By combining both an impedance and admittance control schemes on torque-controlled robots, we explored human-robot physical collaboration. In this setup, a remote human operator commands the robot while collaborating with a local human assistant who interacts physically with the robot.

RoboCup Football Competition

RoboCup is an international annual robotics competition, first organized in 1996, and divided into several leagues - many of which involve autonomous robotic soccer tournaments. Its ultimate goal is to develop a team of robots capable of winning against the best human team in an official FIFA match by 2050. Together with the Rhoban Football Club at the University of Bordeaux, I participated in the soccer Humanoid Kid-Size League, where teams build and program small humanoid robots up to 90 cm tall to play fully autonomous 4-vs-4 football games. The robots are also restricted to using only human-like sensors, which adds an extra layer of complexity to the competition.
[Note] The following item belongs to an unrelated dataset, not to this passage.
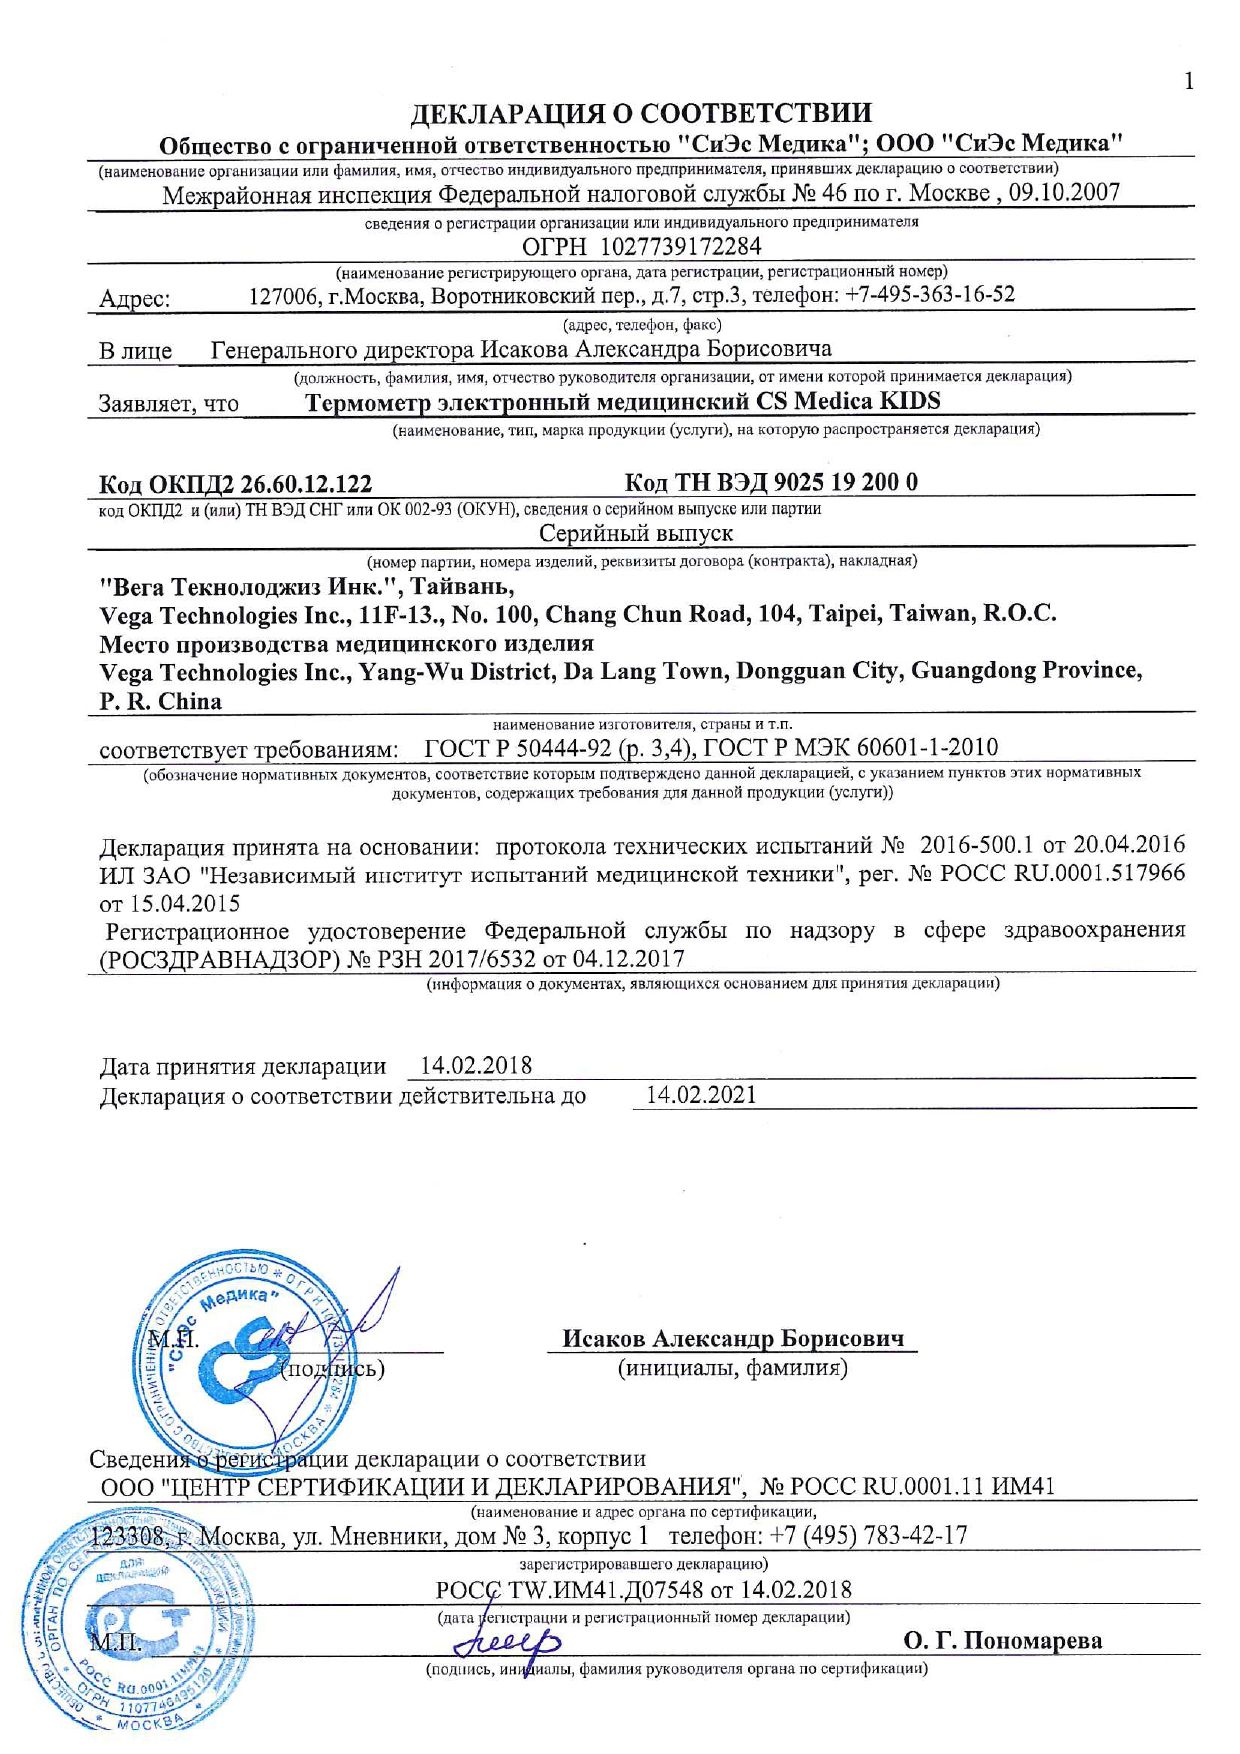 Термометр электронный CS Medica Kids CS - 82 - F лягушка сертификат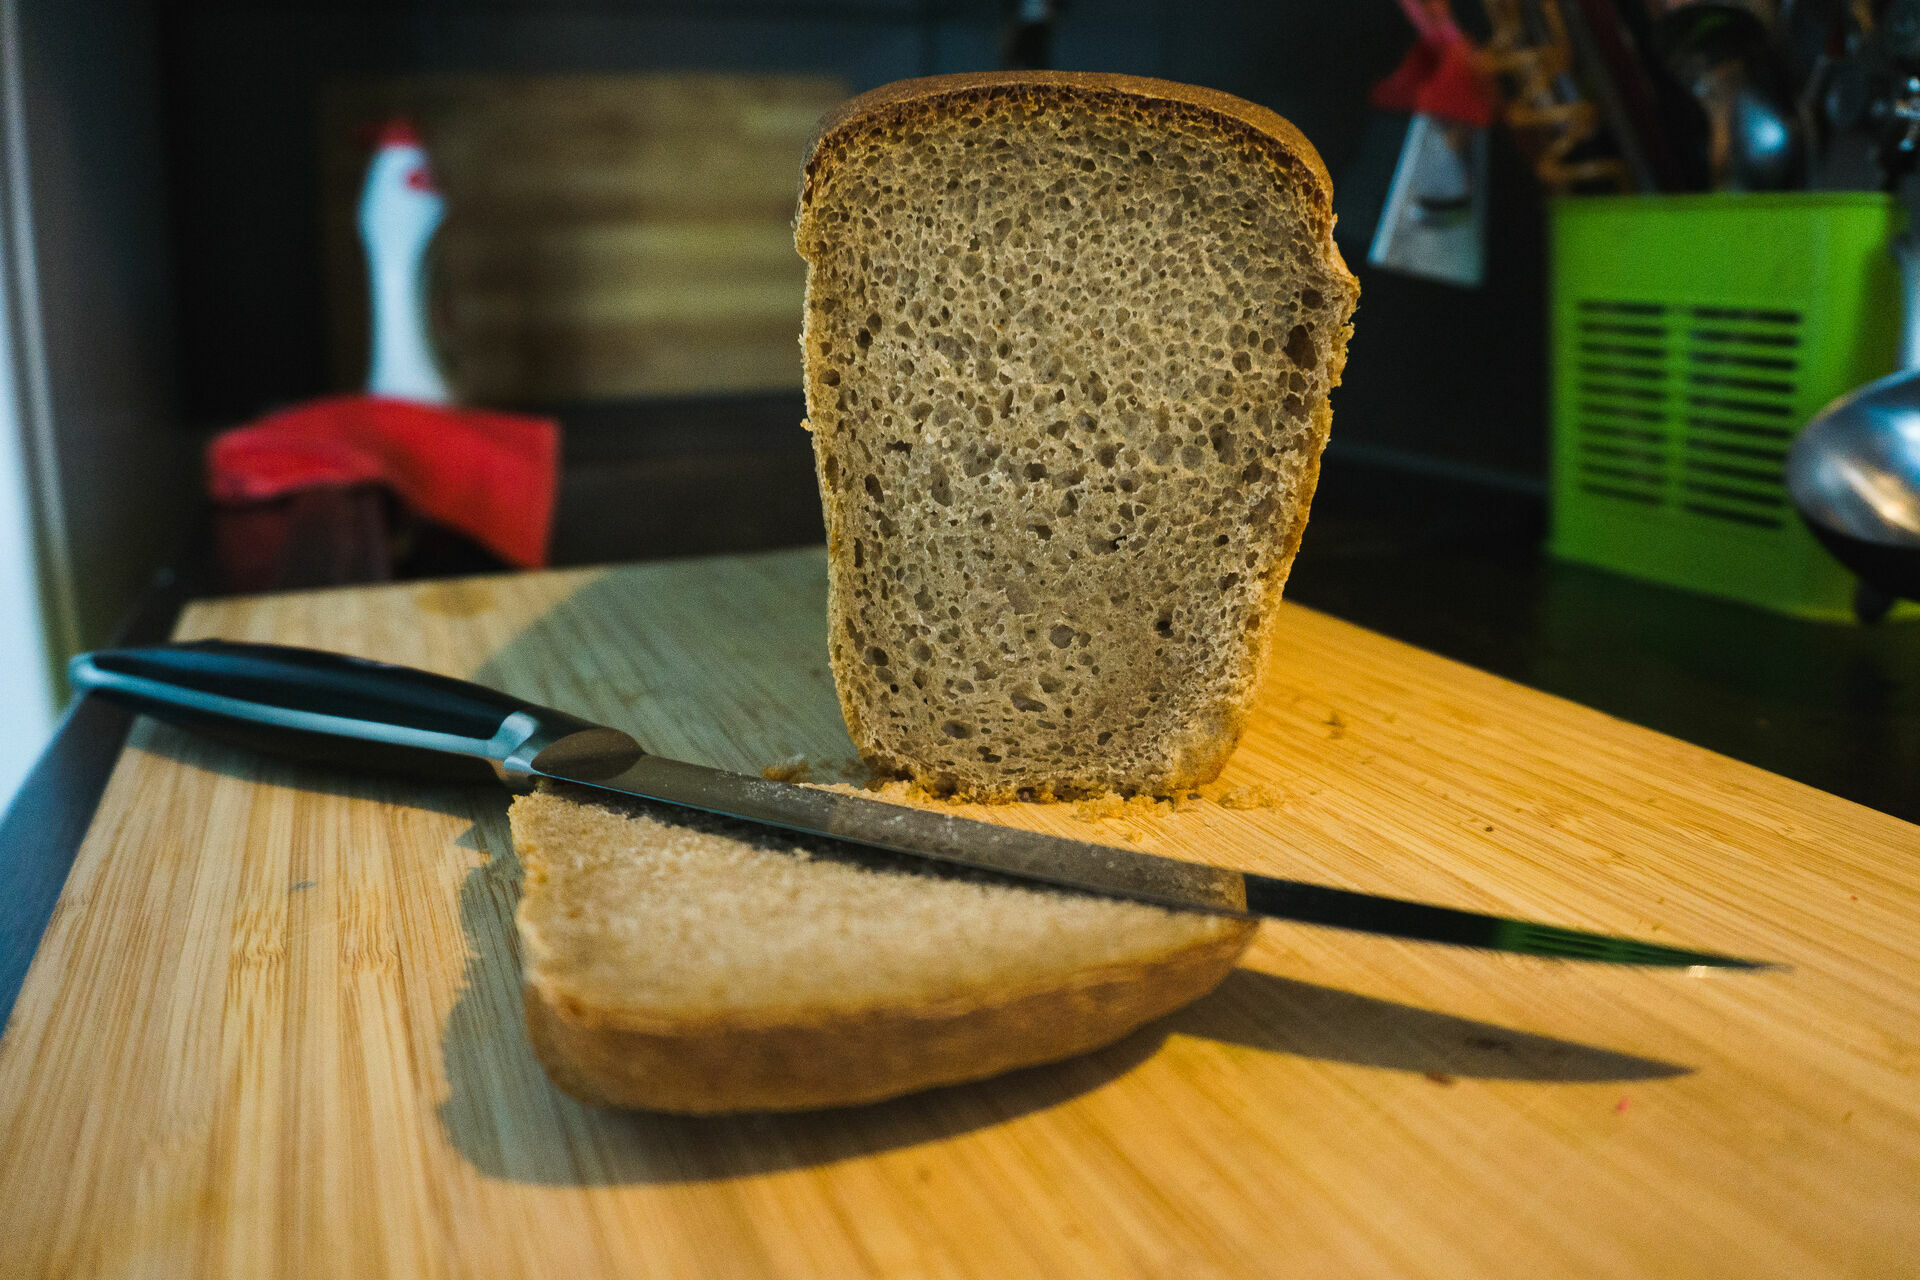 Новый иск о банкротстве «Городецкого хлеба» поступил в арбитраж

RoboCup games offer a rigorous environment to evaluate and challenge the robustness and practical applicability of robotics methods, pushing ambitions beyond the simplified, controlled conditions of the lab. The competition places a strong emphasis on resilience and reliability, which are essential factors for success.

  • RoboCup 2018, Montréal (Canada): 1st place
  • German Open 2017, Magdebourg (Germany): 1st place
  • RoboCup 2016, Leipzig (Germany): 1st place
  • RoboCup 2015, Hefei (China): 3rd place
  • RoboCup 2014, João Pessoa (Brazil): quarter
  • RoboCup 2013, Eindhoven (Netherlands): round robin

Correcting Small Humanoid Robots

Small humanoid robots used in RoboCup competition are typically built from commercially available position-controlled servomotors (e.g. Dynamixel). These robots offer affordability, experimental convenience, and durability, able to withstand frequent falls without breaking. However, unlike larger robots, small humanoid robots have limited accuracy, and their dynamics are heavily affected by actuator imperfections (e.g., servomotor control inaccuracies, backlash, friction, and electrical effects). These imperfections often cause significant deviations from the classical rigid body model, complicating the use of traditional techniques such as ZMP walking, trajectory optimization, and similar model-based methods. Furthermore, the frequent falls and collisions in a typical RoboCup match lead to kinematic model inaccuracies, as aluminum structural elements tend to bend and deform over time.

This research focused on leveraging machine learning to address these limitations and improve robot performance in RoboCup matches. Specifically, we applied incremental learning algorithms, such as LWPR and gradient-free optimization methods (e.g., CMA-ES), to improve various models. These included odometry and navigation model estimation, adjustments to camera models for accurate object position estimation and localization, and learning actuator model to optimize kick motion trajectories.